Ma il sabbat porta anche il suo paradosso: già dal giorno seguente, le giornate si accorciano. La tradizione vi legge un richiamo silenzioso, quasi malinconico: ciò che è pieno comincia a scendere. Da qui il tono particolare di Litha, fatto più di gratitudine che di conquista; assapori il vertice proprio perché non dura.
Le erbe di mezza estate
Il folklore europeo raccoglieva le sue erbe a mezza estate: l’erba di San Giovanni (con i suoi fiori gialli come il sole), la verbena, l’achillea, la margherita maggiore. La tradizione legava il loro pieno splendore a questo momento, e ne faceva mazzi appesi sopra le porte o nascosti sotto il tetto. È folklore, e viene raccontato come tale: non stai raccogliendo un rimedio, stai raccogliendo un frammento della stagione.
Tre gesti dolci per Litha
Osserva il tramonto della sera del solstizio e annota l’ora: è il più tardivo dell’anno, e vederlo toccare l’orizzonte nel suo punto più settentrionale è uno spettacolo che capita una sola volta l’anno. Continua con un pasto all’aperto, fino a notte; ti fa aspettare, ed è proprio questo il punto.

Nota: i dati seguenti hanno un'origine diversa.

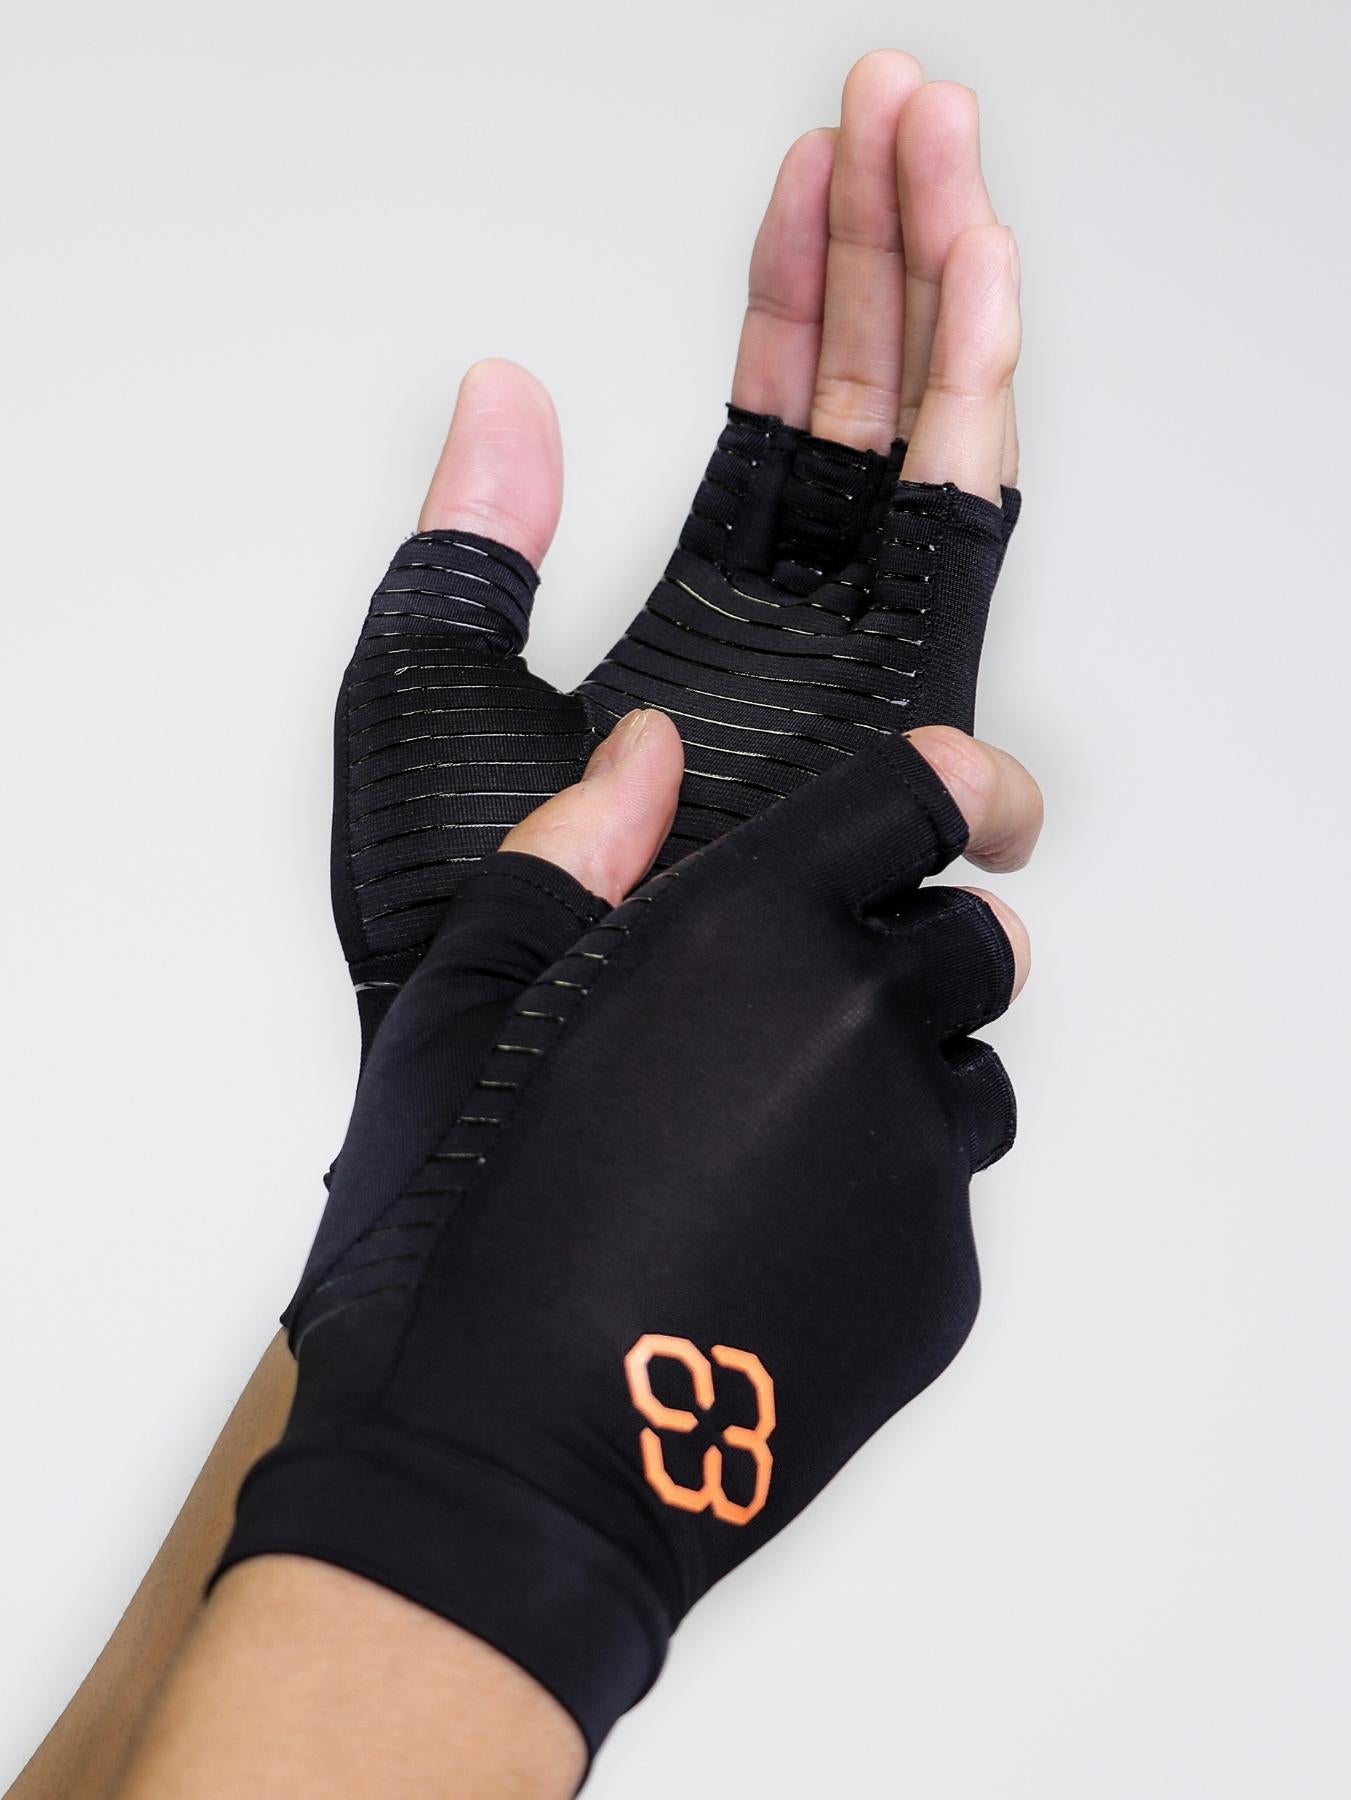 Copper Compression Half Gloves - Unisex – Copper 88

Raccogli o componi un mazzo di mezza estate e appendilo a testa in giù ad asciugare: attraverserà l’inverno con te. Nel tuo quaderno, fai l’inventario del vertice: cosa è al suo apice nella tua vita in questo momento, e cosa vuoi assaporare prima che la ruota giri?
Domande frequenti
- Litha e la festa di San Giovanni sono la stessa festa?

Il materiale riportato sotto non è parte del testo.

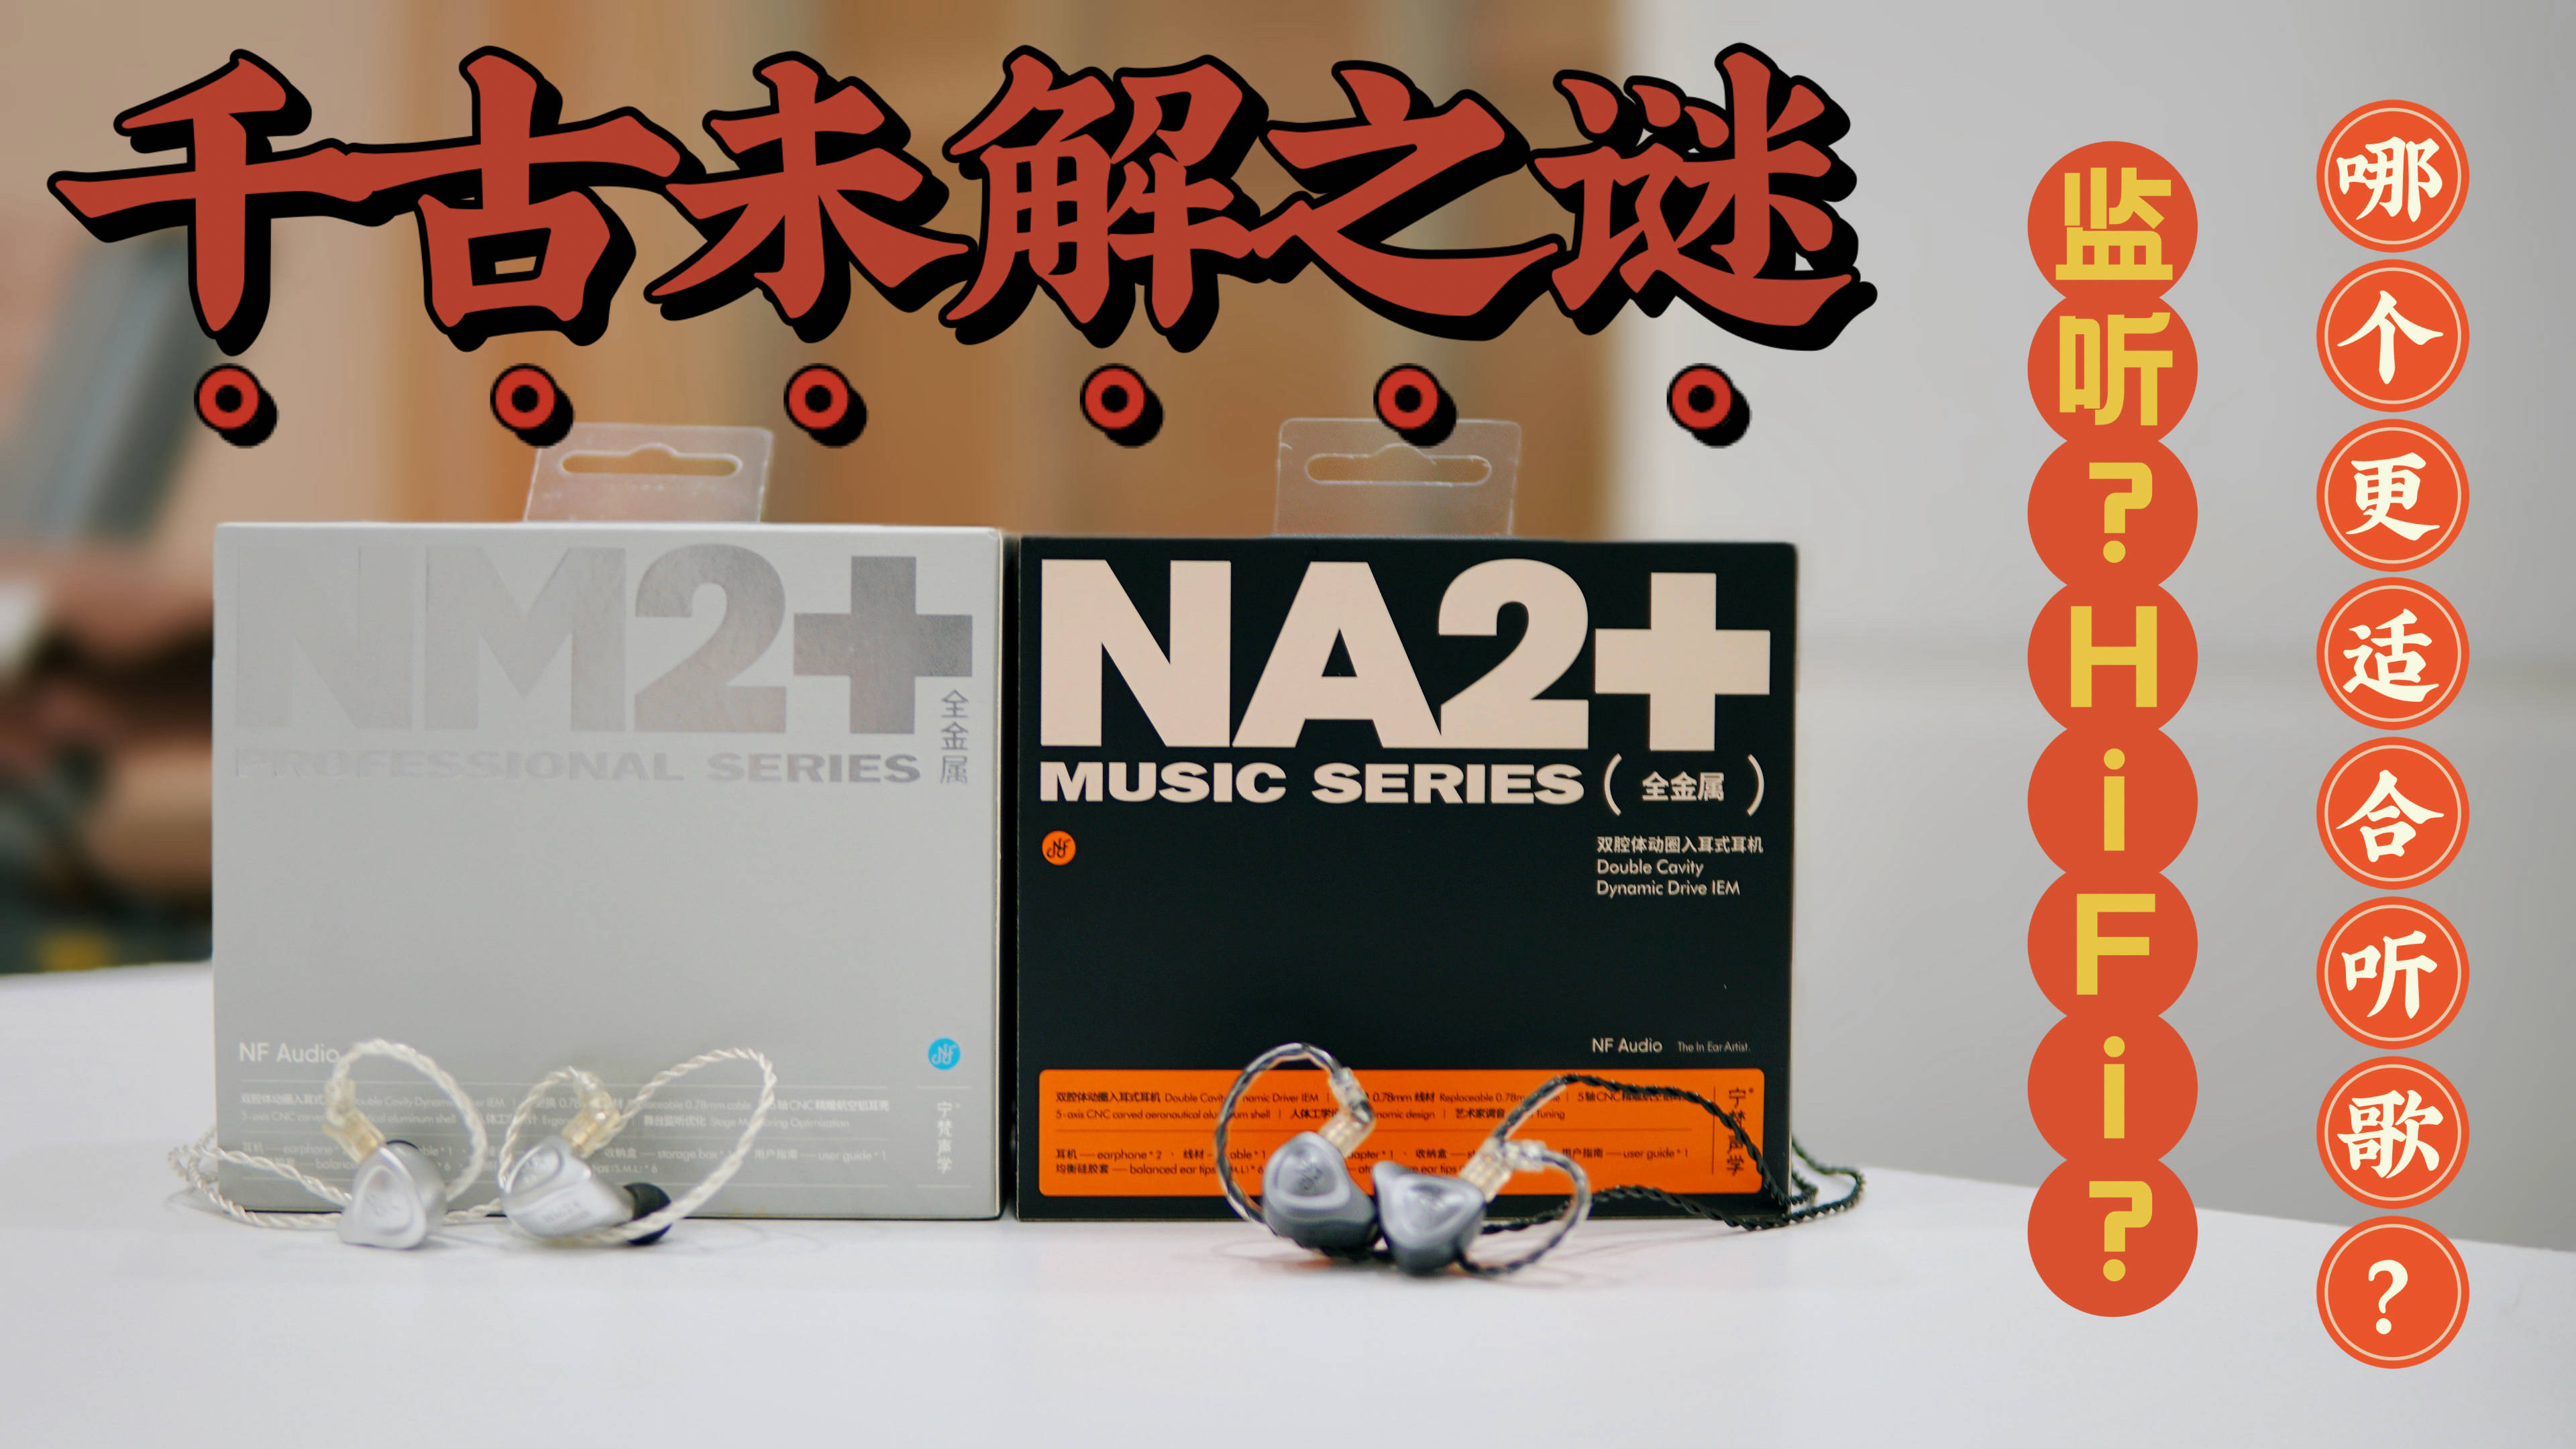 监听耳机与HiFi耳机哪个更适合欣赏音乐？宁梵NM2+与NA2+声音区别解析

- Celebrano lo stesso momento dell’anno, a due o tre giorni di distanza. Litha si allinea al solstizio astronomico, tra il 20 e il 22 giugno; i fuochi di San Giovanni ardono nella notte tra il 23 e il 24, intorno alla festa cristiana di Giovanni Battista. Stessa luce, due calendari.

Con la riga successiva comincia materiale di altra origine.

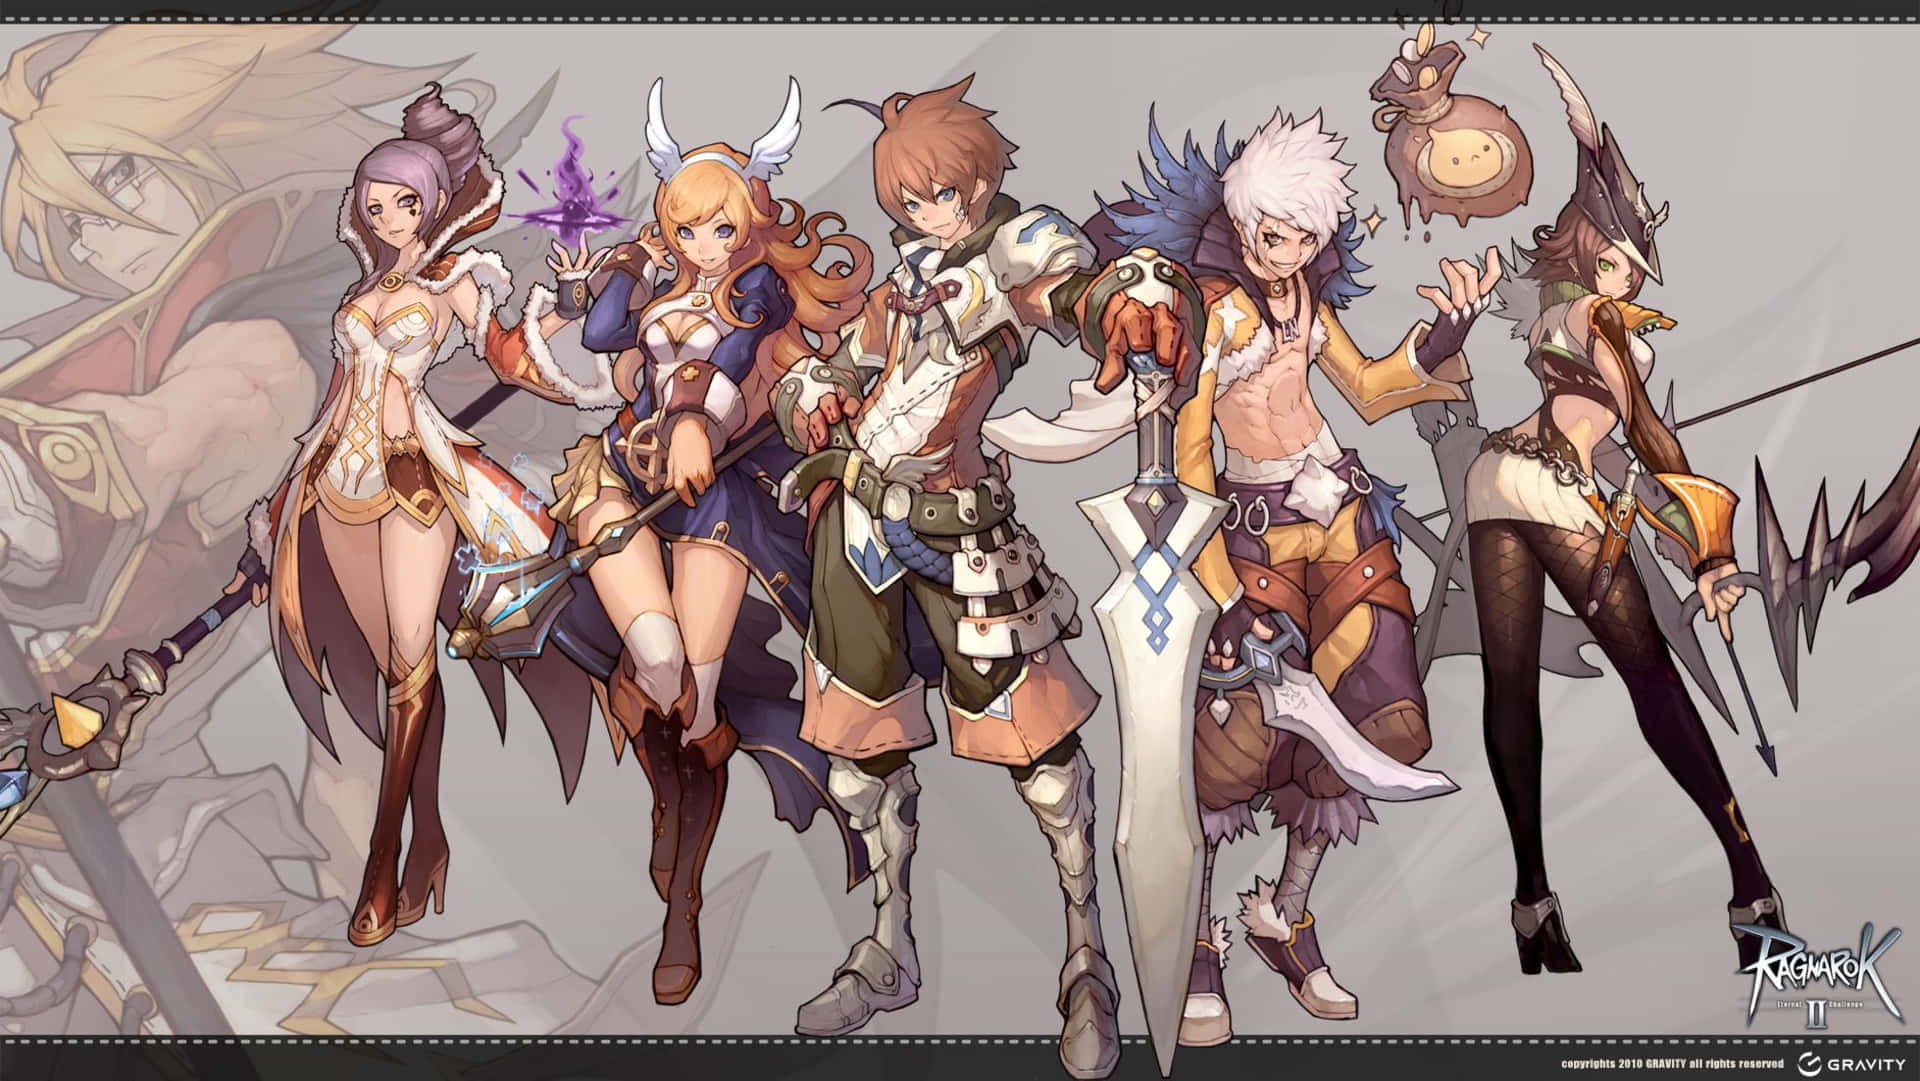 Einegruppe Von Charakteren In Einer Fantasyartigen Umgebung Wallpaper

- Il solstizio d’estate cade sempre il 21 giugno?
- No: oscilla tra il 20 e il 22 giugno a seconda dell’anno, e di questi tempi cade più spesso il 20 o il 21. La data esatta di un dato anno si può verificare in un attimo su qualsiasi almanacco o calendario astronomico.
- Perché si salta sul fuoco a San Giovanni?
- Il folklore vi leggeva purificazione e protezione per l’anno: attraversare il fuoco significa varcare una soglia. È un rito documentato in gran parte d’Europa, dai Pirenei alla Scandinavia. Oggi, una candela accesa al crepuscolo del solstizio mantiene il gesto, senza le braci.